Sade a fait deux séjours en Italie, territoire étranger le plus proche du Vaucluse et du château de La Coste : de juillet à septembre 1772 en la compagnie sentimentale de sa belle-sœur Anne-Prospère de Launay afin d’échapper à une prise de corps pour dettes ; de juillet 1775 à juin 1776 avec son valet Carteron dit La Jeunesse afin d’échapper à un mandat d’arrêt lancé contre eux par le parlement d’Aix pour faits de libertinage.
Voyage en Italie, récit écrit en 1775-1776, a été publié pour la première fois en 1967 par Gilbert Lely et Georges Daumas aux éditions Tchou. Des extraits ont paru dans : Florence ou la dépravation des mœurs (éditions Nous, collection Via, 2011) ; Voyage à Naples (Rivages poche/Petite Bibliothèque, 2008) ; Italies, anthologie des voyageurs français aux XVIIIe et XIXe siècles réunie par Yves Hersant (Robert Laffont, collection Bouquins, 1988). Le séjour de Juliette, ses observations politiques et sociales, ses descriptions de paysages, palais, églises et musées, s’inspire largement de ce récit.
Lecture en parallèle des romans de Diderot La Religieuse, Jacques le fataliste et son maître, Le Neveu de Rameau, où sont abordés des thèmes, sous forme de binômes, communs à la littérature de cette époque : la vertu et le vice, le beau et le vrai, la société et l’individu, l’amour et la jouissance, le libre-arbitre et le destin.
À propos du personnage de Brisa-Testa, Politique et crime de Hans Magnus Enzensberger, traduit de l’allemand par Lily Jumel (Gallimard, collection Les Essais, 1964). Lire en particulier « Contribution à la théorie de la trahison ».
Dans le recueil d’essais On n’enchaîne pas les volcans d’Annie Le Brun (Gallimard, 2006), lire « Pourquoi Juliette est-elle une femme ? », question fondatrice où l’écrivain étudie « la fabrication du personnage de Juliette » à partir du personnage de sa sœur Justine.
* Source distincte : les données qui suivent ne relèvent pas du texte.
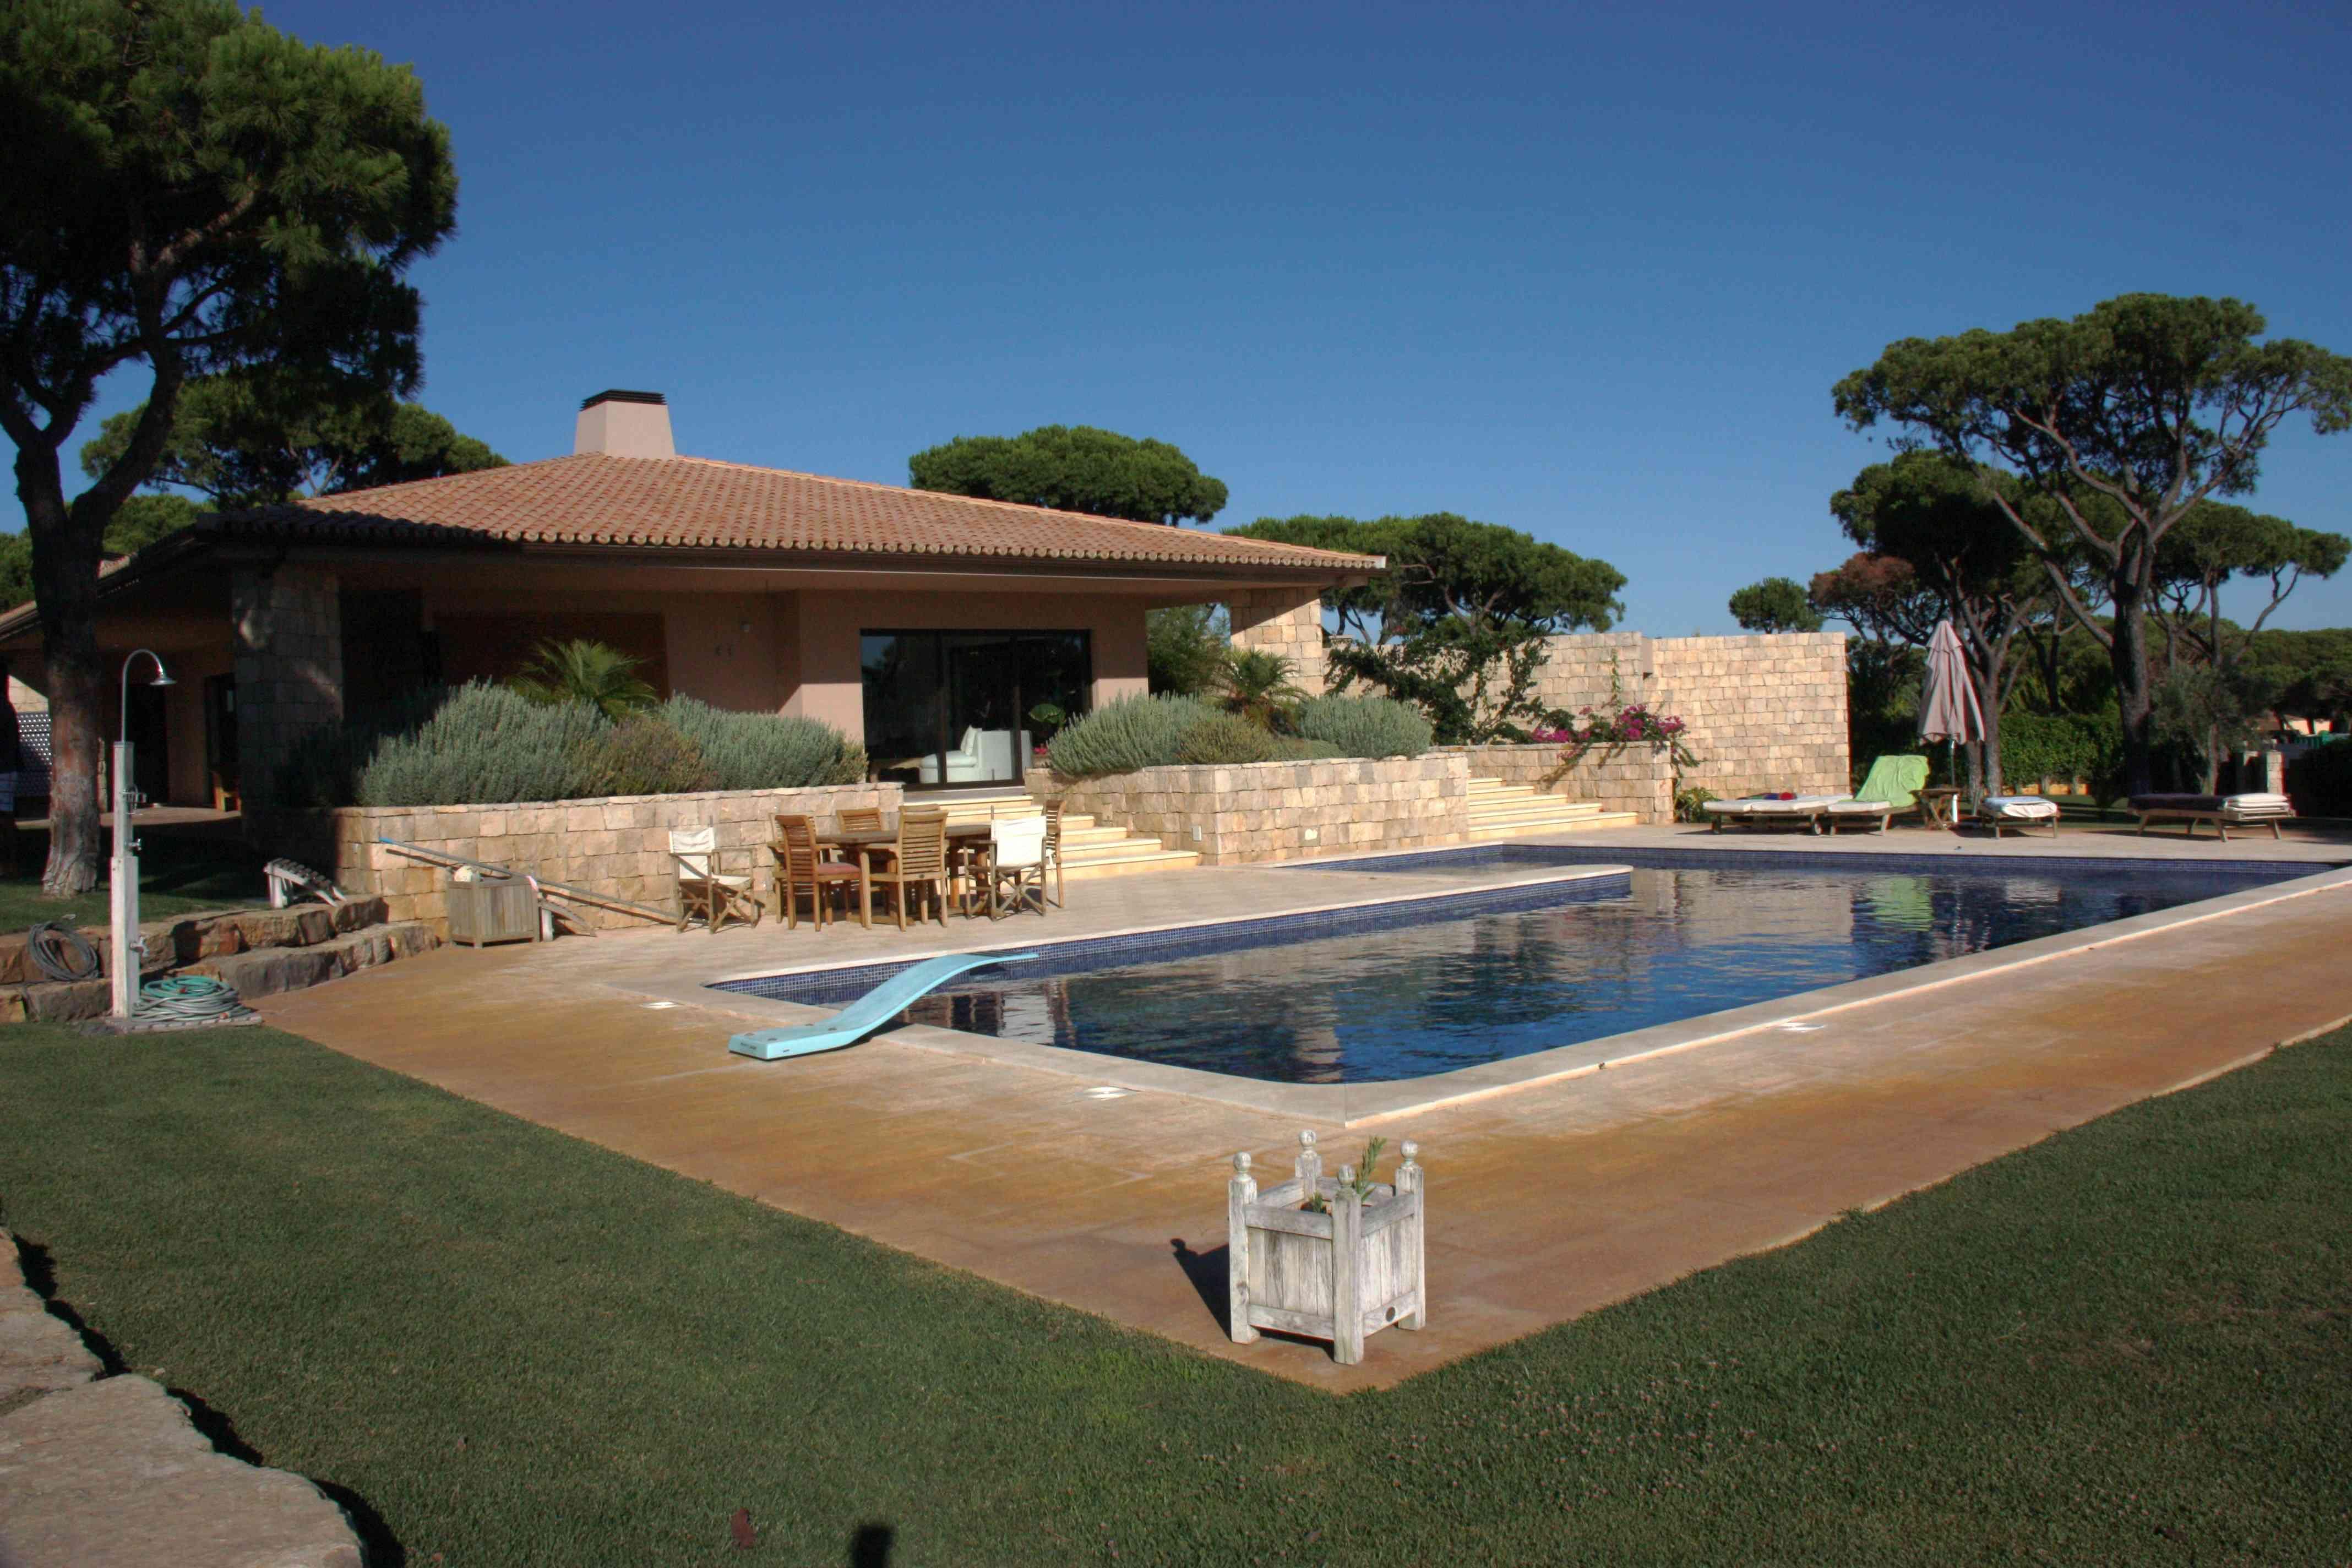 Casa de luxo de Cristiano Ronaldo no Algarve atrai investidores

Dans sa préface de 1945 aux Infortunes de la vertu Jean Paulhan écrit :
Il existe un curieux livre de Crébillon, les Lettres de la marquise de M., où la tendresse et la jalousie, le besoin d’amour et les regrets, le désir et la coquetterie sont peints avec une grande finesse sans que le lecteur, à aucun instant, sache à coup sûr si la marquise et le comte ont couché ensemble. Mais Les Infortunes de la vertu c’est tout le contraire. Et les coucheries – très diverses, très involontaires – de Justine nous sont montrées dans le plus grand détail sans que jamais, au grand jamais, nous soupçonnions – désir, amour, horreur, indifférence – ce que peut bien éprouver notre héroïne. De vrai, c’est difficile à dire. Et Sade le sait trop. Il le sait trop parce que Justine c’est lui [1]. […]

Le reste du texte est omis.